-- Excerpted records --
# # # # #

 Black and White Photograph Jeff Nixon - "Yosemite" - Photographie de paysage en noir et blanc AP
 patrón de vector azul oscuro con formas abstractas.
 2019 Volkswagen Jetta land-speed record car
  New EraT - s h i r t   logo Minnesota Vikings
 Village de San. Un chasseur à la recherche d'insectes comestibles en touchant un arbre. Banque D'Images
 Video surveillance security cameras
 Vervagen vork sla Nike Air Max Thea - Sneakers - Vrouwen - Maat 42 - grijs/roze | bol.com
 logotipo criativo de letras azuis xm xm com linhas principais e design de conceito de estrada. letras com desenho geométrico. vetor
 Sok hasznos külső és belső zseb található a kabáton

# # # # #

-- Try it --
An exact copy is required of each line from the one containing "Village de San." through the last line of the material, and of no other line.

-- Task solution --
 Village de San. Un chasseur à la recherche d'insectes comestibles en touchant un arbre. Banque D'Images
 Video surveillance security cameras
 Vervagen vork sla Nike Air Max Thea - Sneakers - Vrouwen - Maat 42 - grijs/roze | bol.com
 logotipo criativo de letras azuis xm xm com linhas principais e design de conceito de estrada. letras com desenho geométrico. vetor
 Sok hasznos külső és belső zseb található a kabáton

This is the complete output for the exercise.